John Hope

Personal information
- Born: 28 May 1866 Dunedin, Otago, New Zealand
- Died: 27 May 1950 (aged 83) Dunedin, Otago, New Zealand
- Bowling: Left-arm medium
- Role: Bowler

Domestic team information
- 1885/86–1899/2000: Otago

Career statistics
| Competition | First-class |
| Matches | 22 |
| Runs scored | 243 |
| Batting average | 10.56 |
| 100s/50s | 0/0 |
| Top score | 24 |
| Balls bowled | 3,304 |
| Wickets | 73 |
| Bowling average | 13.12 |
| 5 wickets in innings | 7 |
| 10 wickets in match | 1 |
| Best bowling | 6/23 |
| Catches/stumpings | 16/– |
- Source: Cricinfo, 16 July 2023

= John Hope (cricketer, born 1866) =

New Zealand cricketer (1866–1950)

John Hope (28 May 1866 – 27 May 1950) was a New Zealand sportsman. He played 22 first-class cricket matches for Otago between the 1885–86 and 1899–1900 seasons and played representative rugby union for the Otago and Southland Rugby Football Unions. He was later a prominent sports administrator in the province.

==Sporting career==
Hope was born at Dunedin in 1866 and educated at the Old Stone School in the city.

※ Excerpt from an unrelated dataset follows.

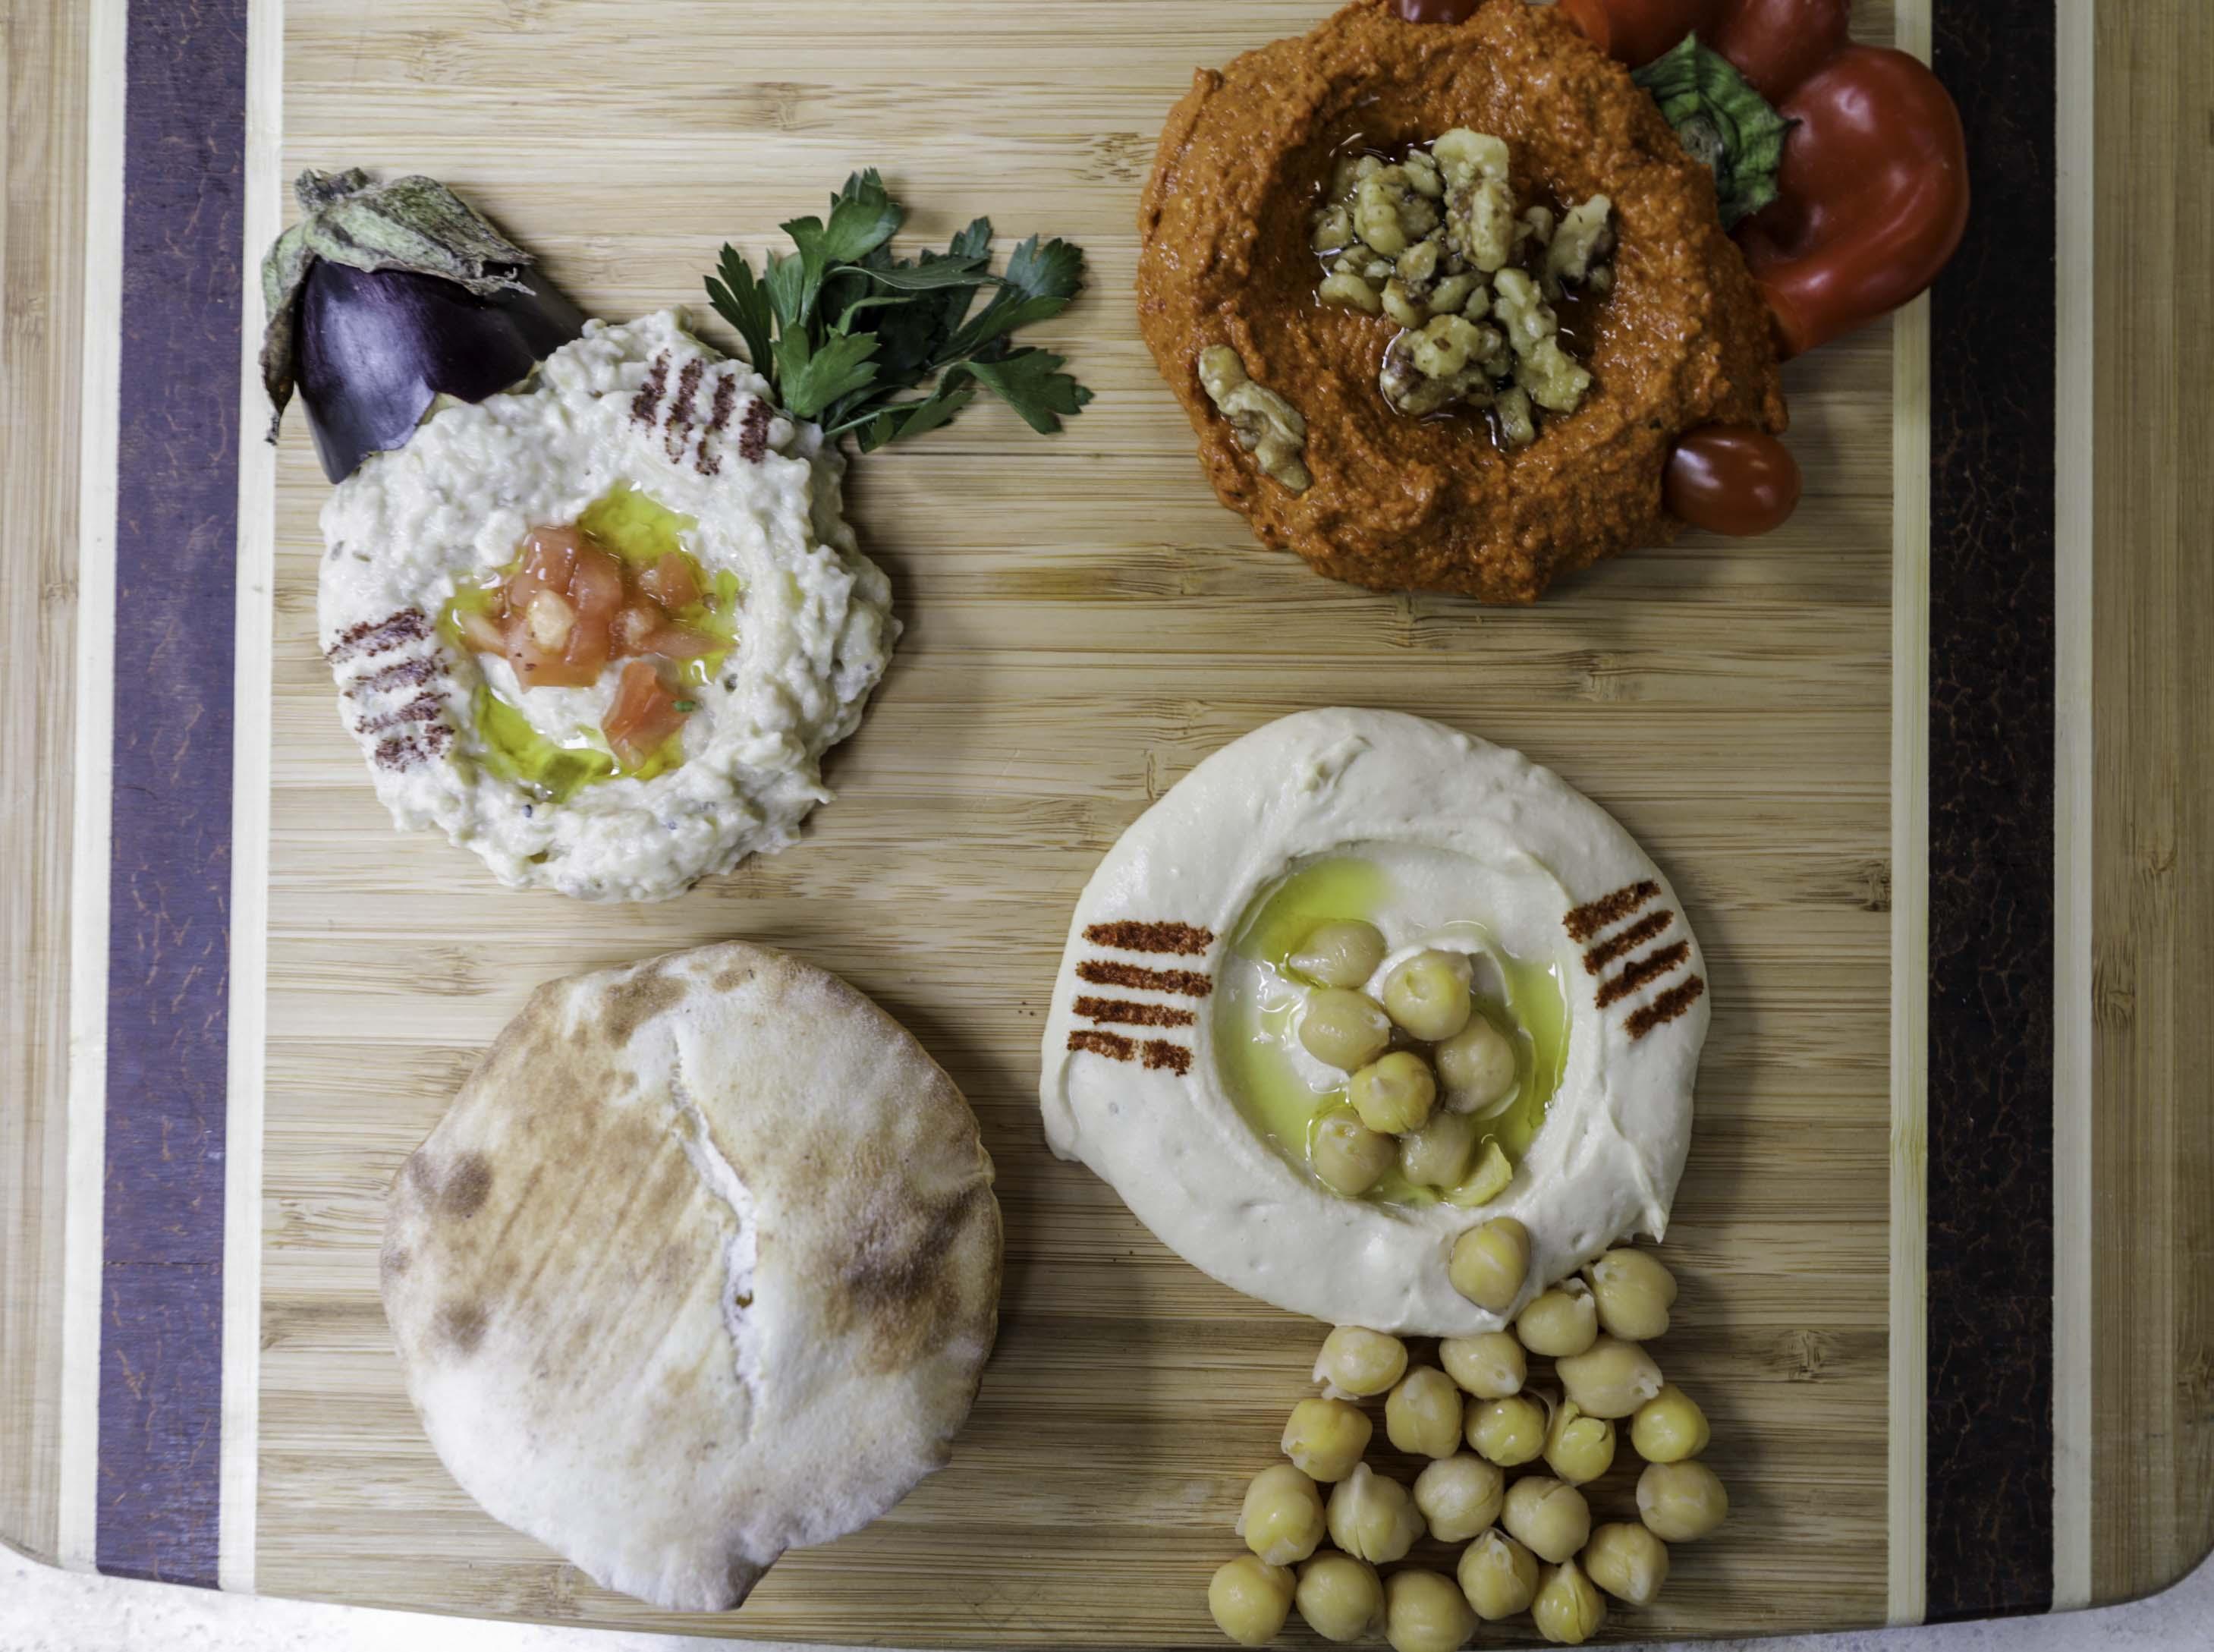 Dip Sampler, with Mhammara, Baba Ghanouj, Hummus (Lebanese Food)

He played club cricket for Carisbrook and made his representative debut against Canterbury in a Boxing Day 1885 fixture at Carisbrook, going on to play in a total of 22 first-class matches for the side, playing in every season from 1892–93 until the end of his career in December 1899. Primarily a bowler, he took 73 wickets in first-class cricket, including seven five-wicket hauls and recorded ten-wickets in a match once. His best innings bowling figures of 6/23 were taken against the touring Fiji side at Carisbrook in February 1895.

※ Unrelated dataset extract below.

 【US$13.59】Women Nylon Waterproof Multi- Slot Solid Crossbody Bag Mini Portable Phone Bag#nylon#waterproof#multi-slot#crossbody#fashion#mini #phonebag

A long-term member of the Union Football Club in Dunedin, Hope played rugby union as a three-quarter for Otago and Southland. He played against the touring New South Wales side in 1886 and in 1888, whilst playing in Invercargill, played representatively for Southland against Otago―considered "so well known in Dunedin" by the Otago Witness that there was no need for the paper to comment on him. The Southland Times, however, described him as having a "splendid drop kick" and being a "good dodgy runner". Later in the same season he played for Otago against the touring British side which played throughout New Zealand and Australia.

==Later life==
After retiring from playing cricket and rugby, Hope remained active in the sporting world. He played lawn bowls and was a life member of and president of Carisbrook Cricket Club, the Otago Cricket Association and Union FC, of which he was also the patron. He served as president of the Mornington Bowling Club, was mayor of the Mornington area of Dunedin for a year and was involved with a number of other organisations throughout the city. He founded a firm of funeral directors during the 1880s and was a prominent Dunedin businessman.

Hope was married and had five children. He died at Dunedin in 1950 aged 83. In a 2010 publication he was the only New Zealand first-class cricketer who was identified as being of Jewish heritage. (Note: Note that Louis Joel, who played one match for Otago in 1899, was certainly Jewish, and Harry Siedeberg, who played for Otago and New Zealand before World War I, had Jewish ancestry.)